Silke Grabinger’s works and concepts combine urban and contemporary dance with performative art and robotics. Special attention is paid to the critical examination of social phenomena, artistic paradigms, and the function and positioning of the audience.
She first came into contact with the dance form Breaking in her youth and achieved international success in a variety of competitions, both solo as “b-girl SILK” and in varying teams. Her project B-Girl Circle was dedicated to hip-hop culture.
After dancing in the Cirque du Soleil production LOVE from 2006 to 2008 and working with the choreographers Dave St-Pierre, Margie Gillis, and Daniel Ezralow, she created her first solo dance piece [SLIK] with Pilottanzt in 2008.
She completed a Bachelor’s degree in the programme space&designstrategies at the University of Arts Linz and was awarded the Austrian State Prize for Design at a group exhibition. She completed her studies in time-based media with a Master of Arts. In her contemporary works, she made herself available as a test subject to various choreographers such as Anne Juren, Benoît Lachambre, Astrid Endruweit & Michael Laub, Oleg Soulimenko, Hubert Lepka from lawine torren, the cabaret artist Dirk Stermann, and the filmmaker Arash T. Riahi, each for ten minutes.
She developed a dance notation for musicians and worked with the composer Bernhard Lang on the performance piece Moving Architecture, which is based on the architecture of the Austrian Cultural Forum New York and was premiered there. She is currently further developing this transfer of composition models into moving art forms with the series Compositional transfer inbodied.

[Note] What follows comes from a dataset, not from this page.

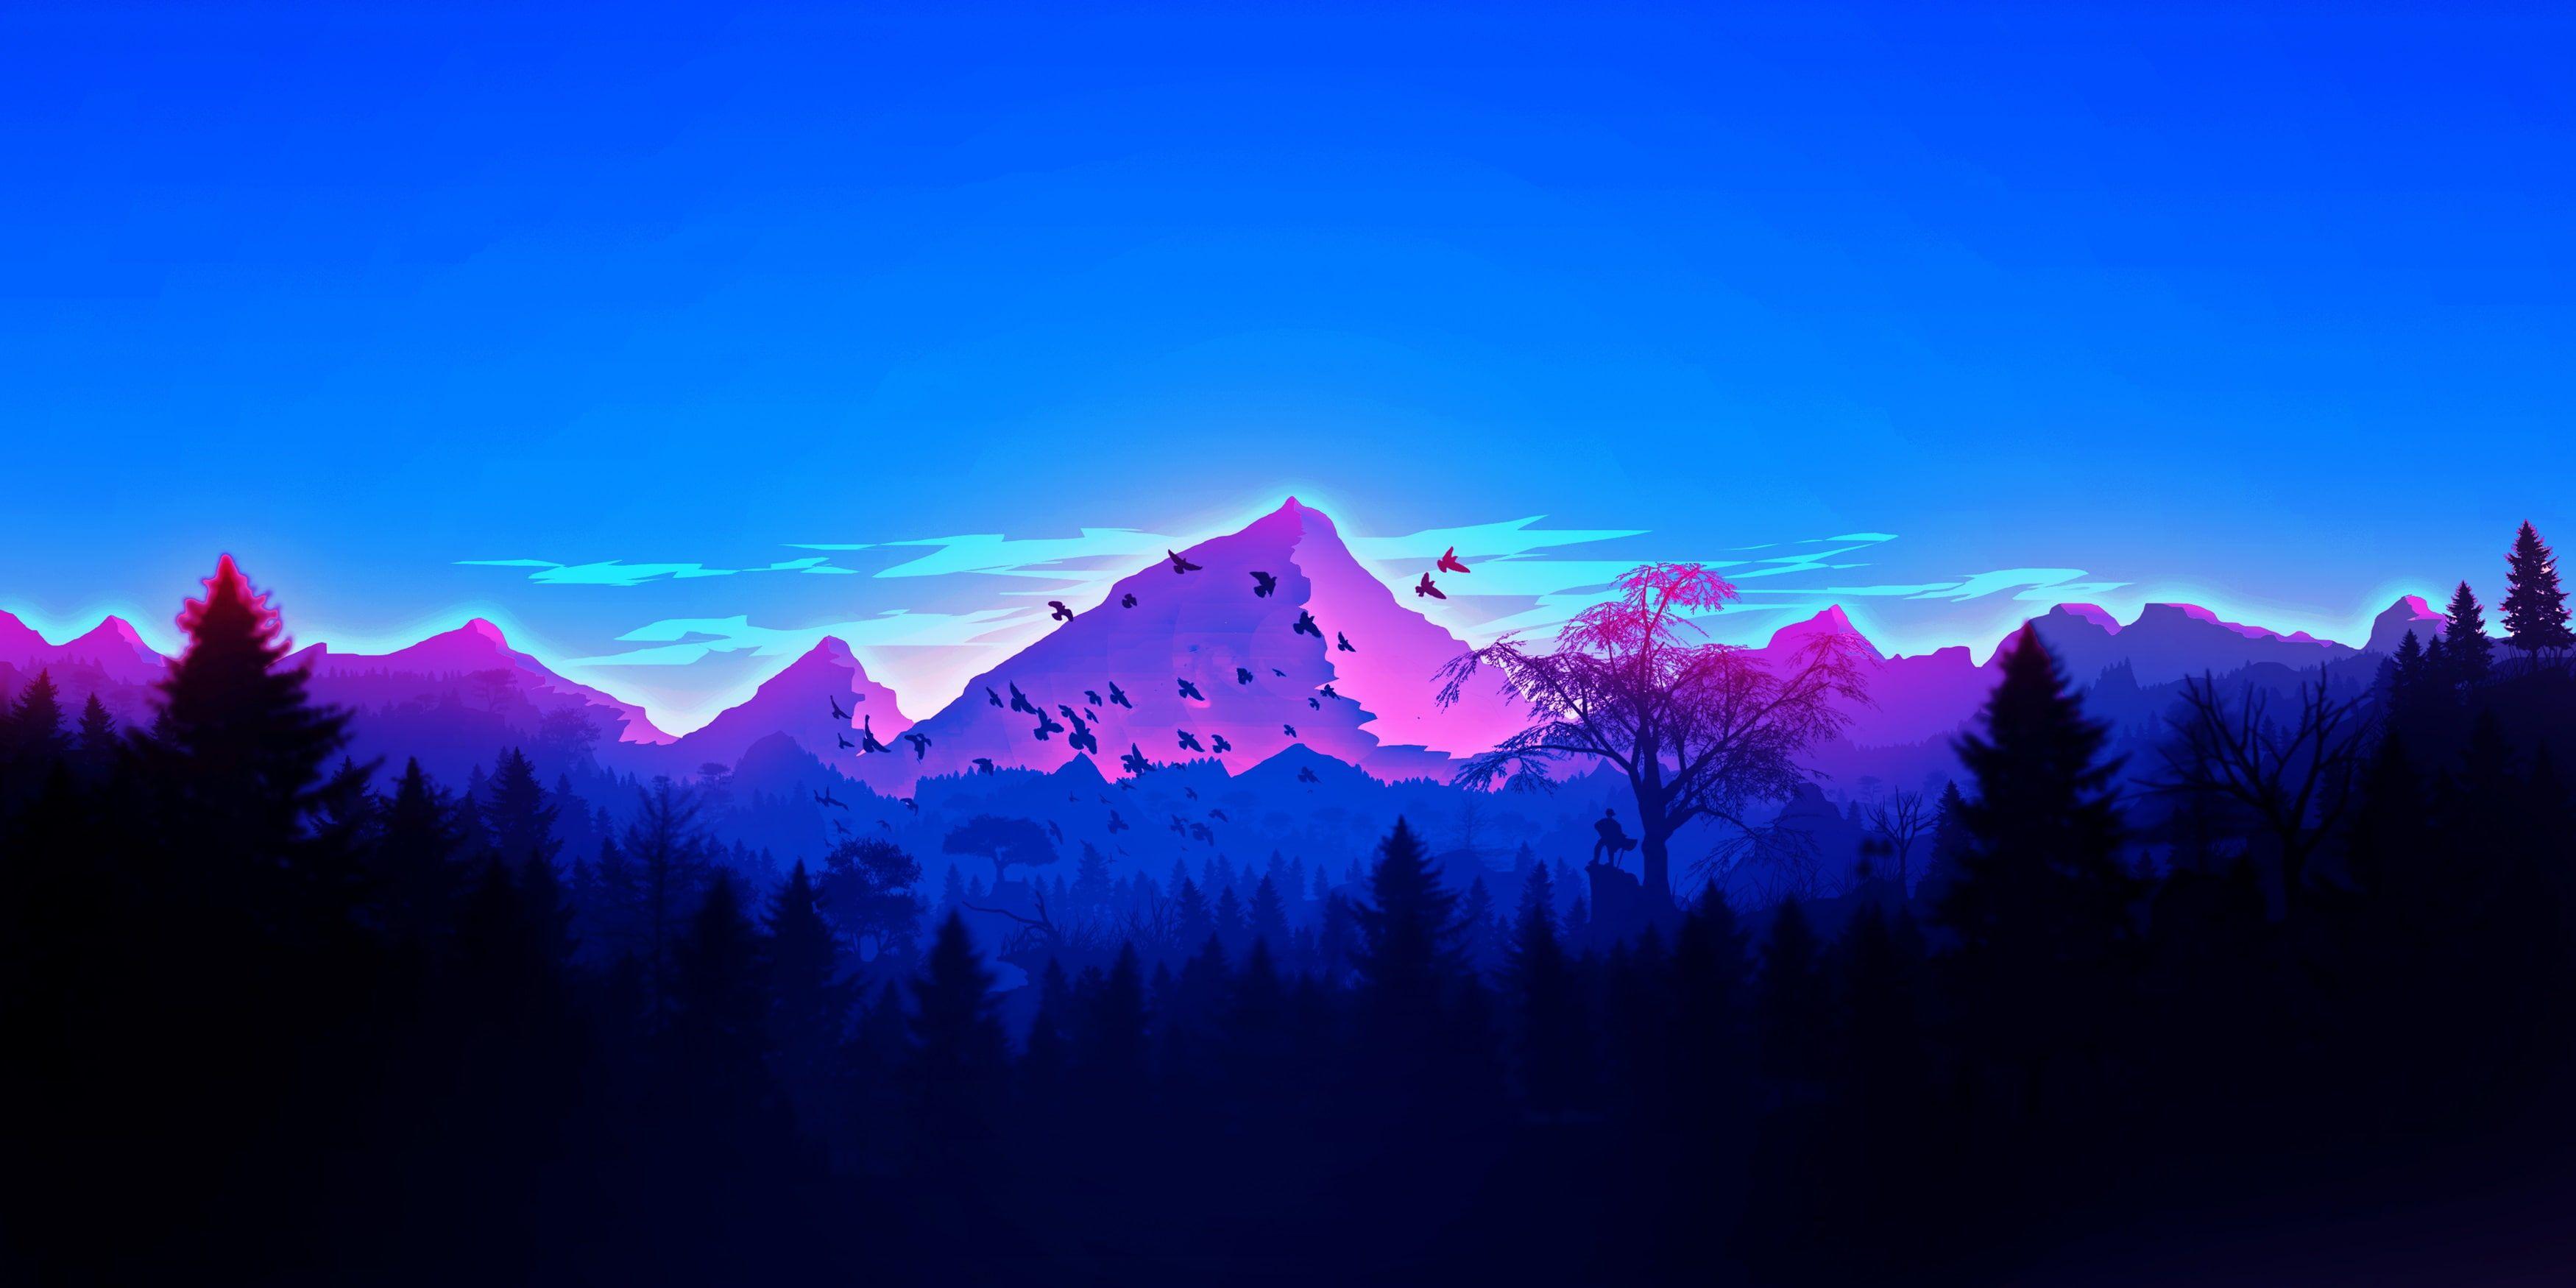 Artwork Landscape Mountains Forest Men Minimalism Vaporwave 2k Wallpaper Hdwallpaper Desktop In 2020 Vaporwave Wallpaper Minimalist Wallpaper Artwork

Later, she founded her second dance company SILK Fluegge parallel to SILK Cie., with the intention of developing dance and performance productions as an experimental field for different disciplines. In 2021, she opened KLISCOPE, a former chapel that was turned into a creative space for new experiments and visions.
She is currently a PhD candidate at the University of Art and Design Linz in exchange with Deakin University of Melbourne, Coventry University, and Johannes Kepler University on the topic of robotics and performance in the context of media art and AI; her focus is on the transfer of meaning to moving bodies. Since 2018, she has been working with robotics in cooperation with ARS Electronica and Creative Robotics.